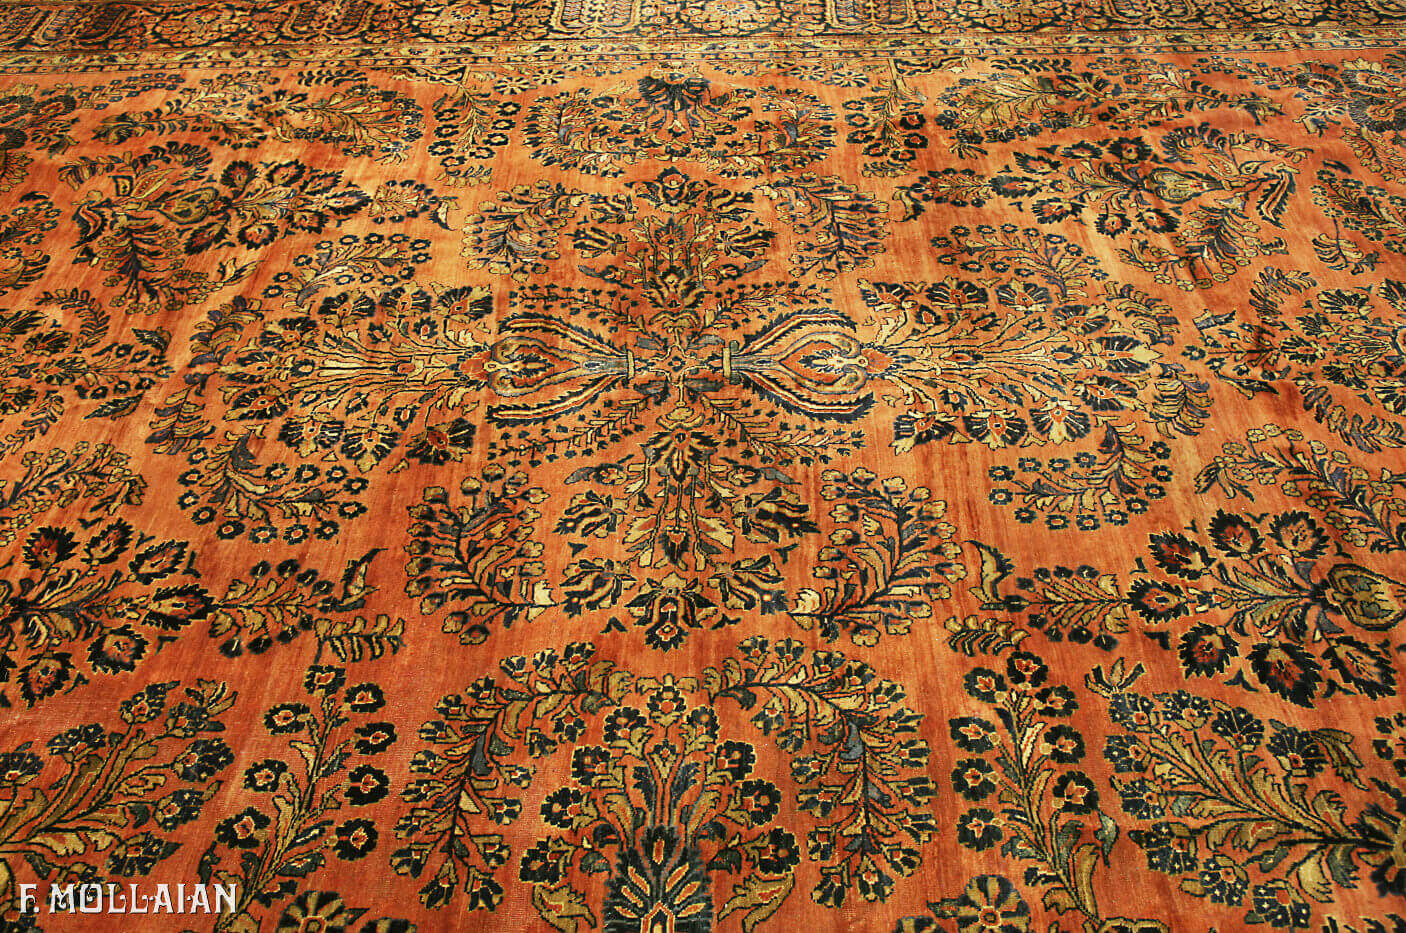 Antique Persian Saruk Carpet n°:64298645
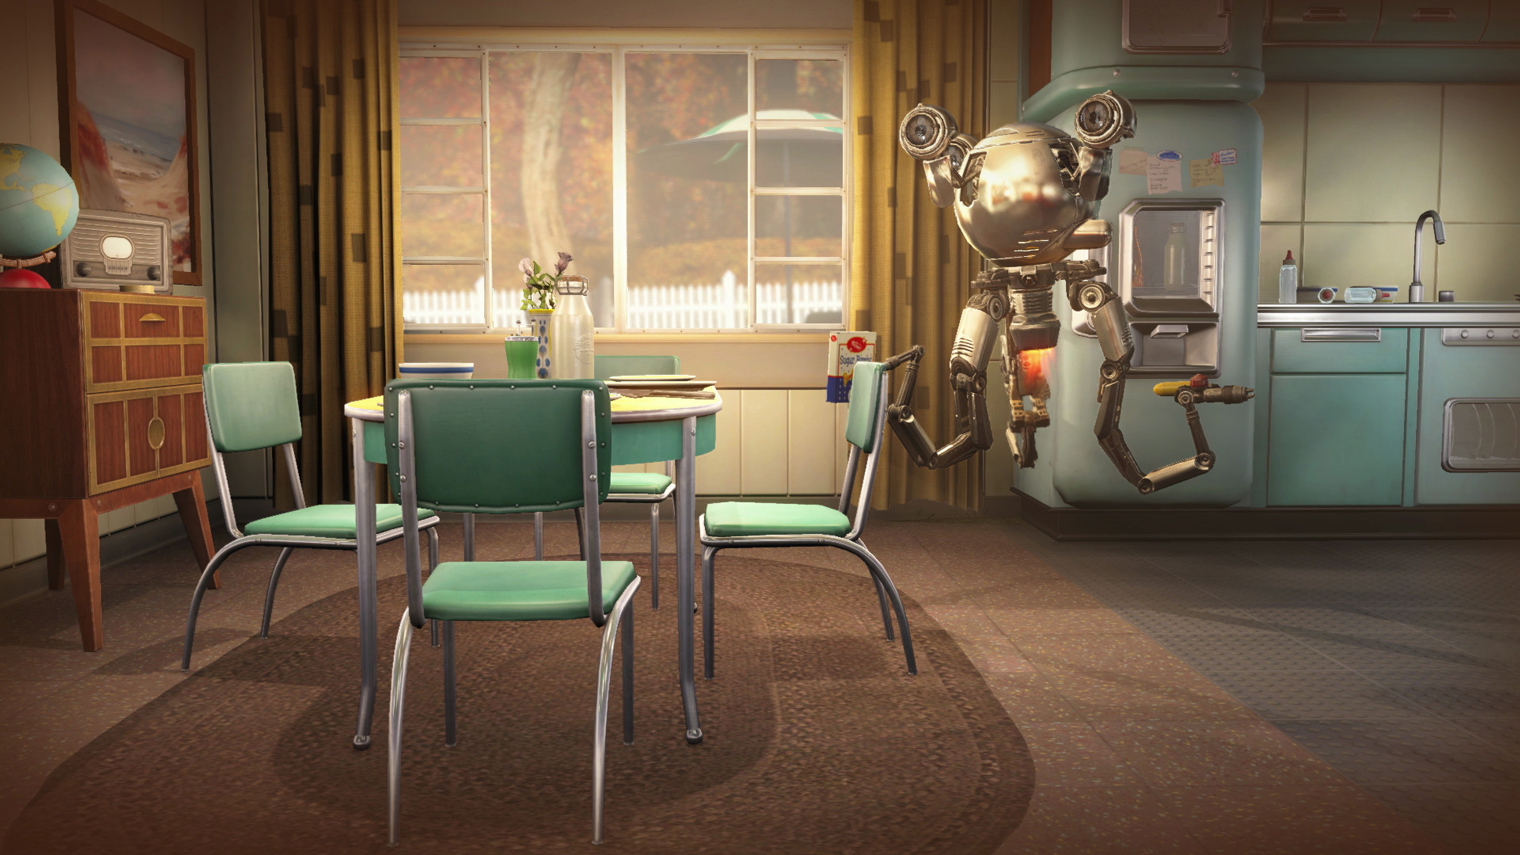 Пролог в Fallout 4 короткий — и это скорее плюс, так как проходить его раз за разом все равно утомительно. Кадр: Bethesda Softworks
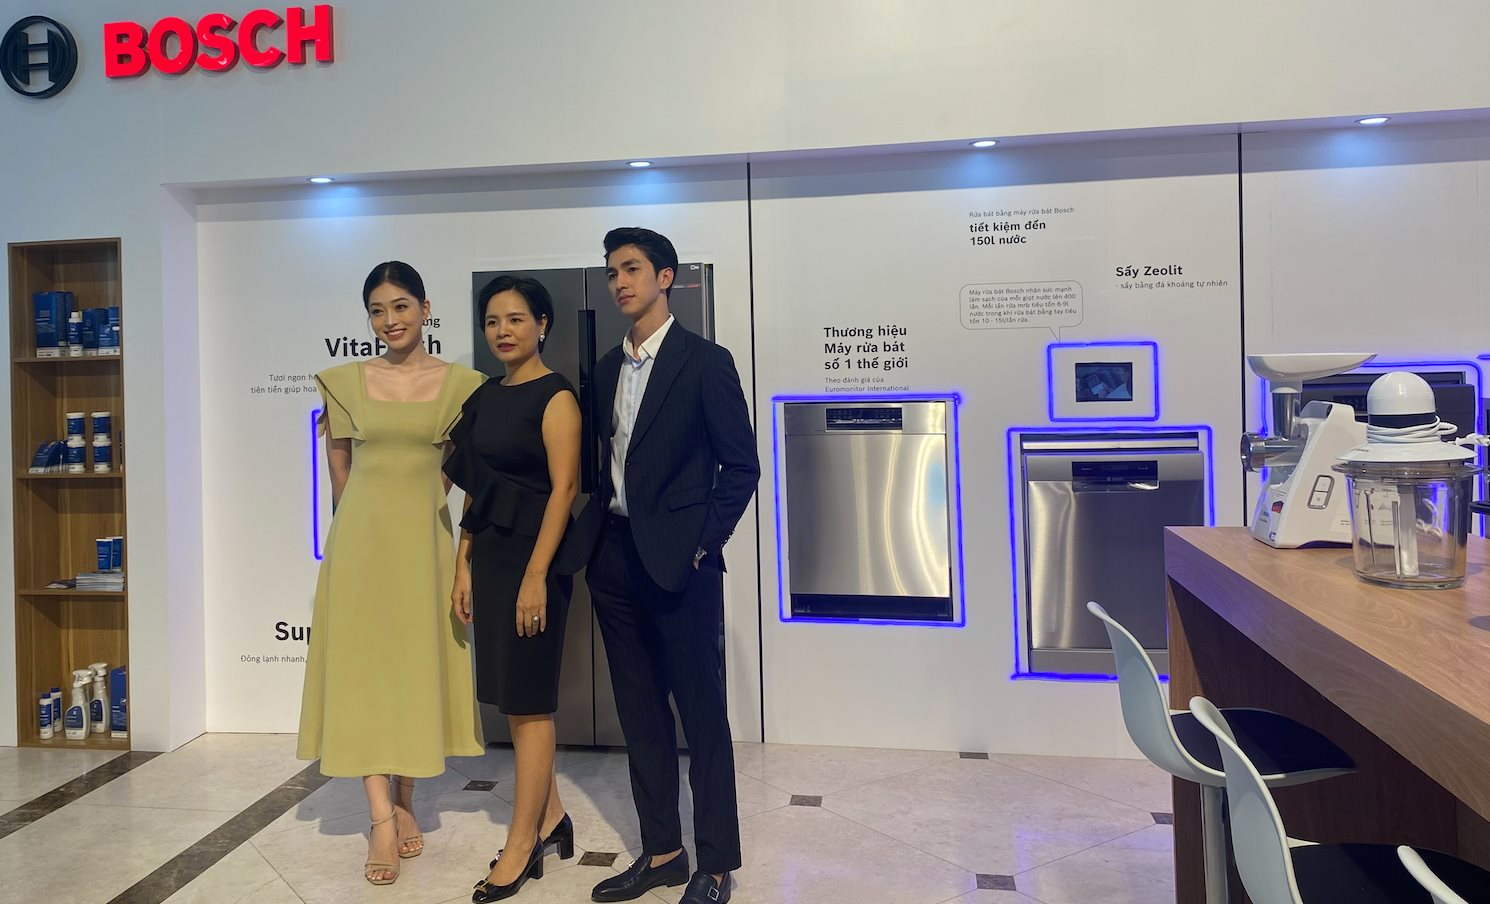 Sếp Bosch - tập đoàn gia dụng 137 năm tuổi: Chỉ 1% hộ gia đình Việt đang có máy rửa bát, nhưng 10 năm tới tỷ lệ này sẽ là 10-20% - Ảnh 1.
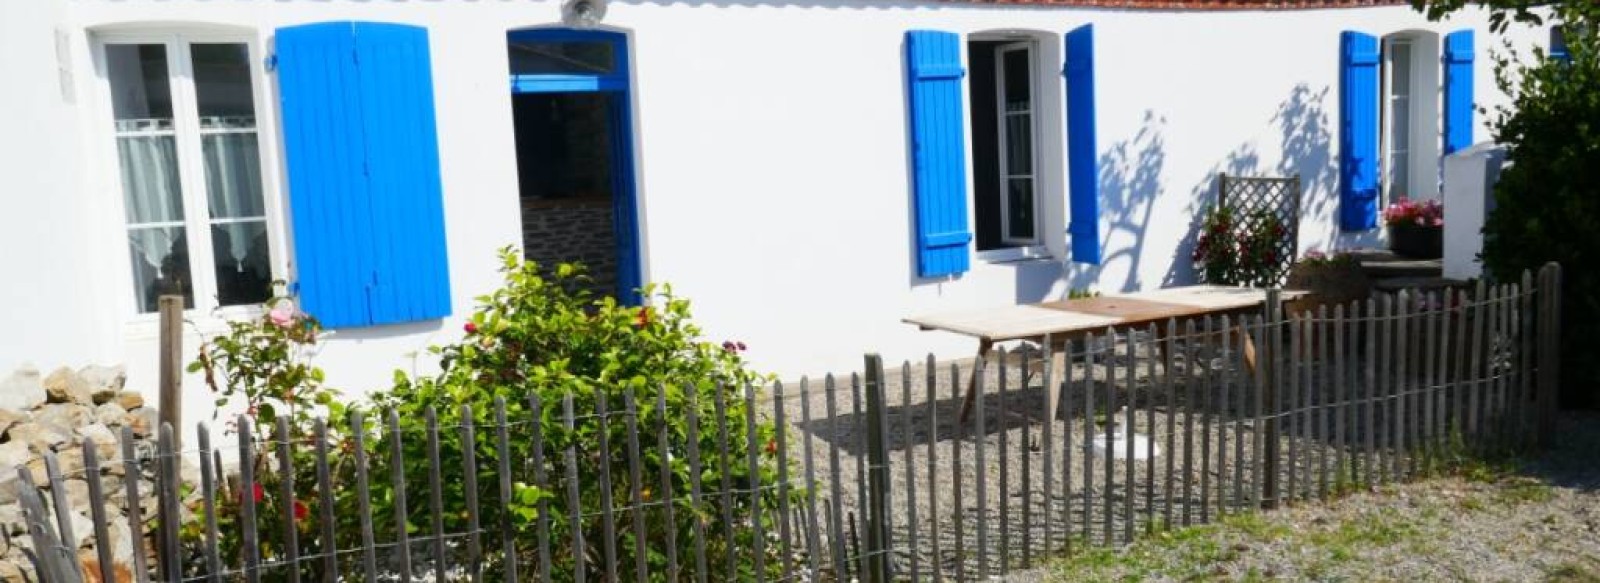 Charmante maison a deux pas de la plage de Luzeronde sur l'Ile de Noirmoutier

TRY IT: Are you able to set down all the lines above exactly, without any pictures?

TASK ANSWER:
 Antique Persian Saruk Carpet n°:64298645
 Пролог в Fallout 4 короткий — и это скорее плюс, так как проходить его раз за разом все равно утомительно. Кадр: Bethesda Softworks
 Sếp Bosch - tập đoàn gia dụng 137 năm tuổi: Chỉ 1% hộ gia đình Việt đang có máy rửa bát, nhưng 10 năm tới tỷ lệ này sẽ là 10-20% - Ảnh 1.
 Charmante maison a deux pas de la plage de Luzeronde sur l'Ile de Noirmoutier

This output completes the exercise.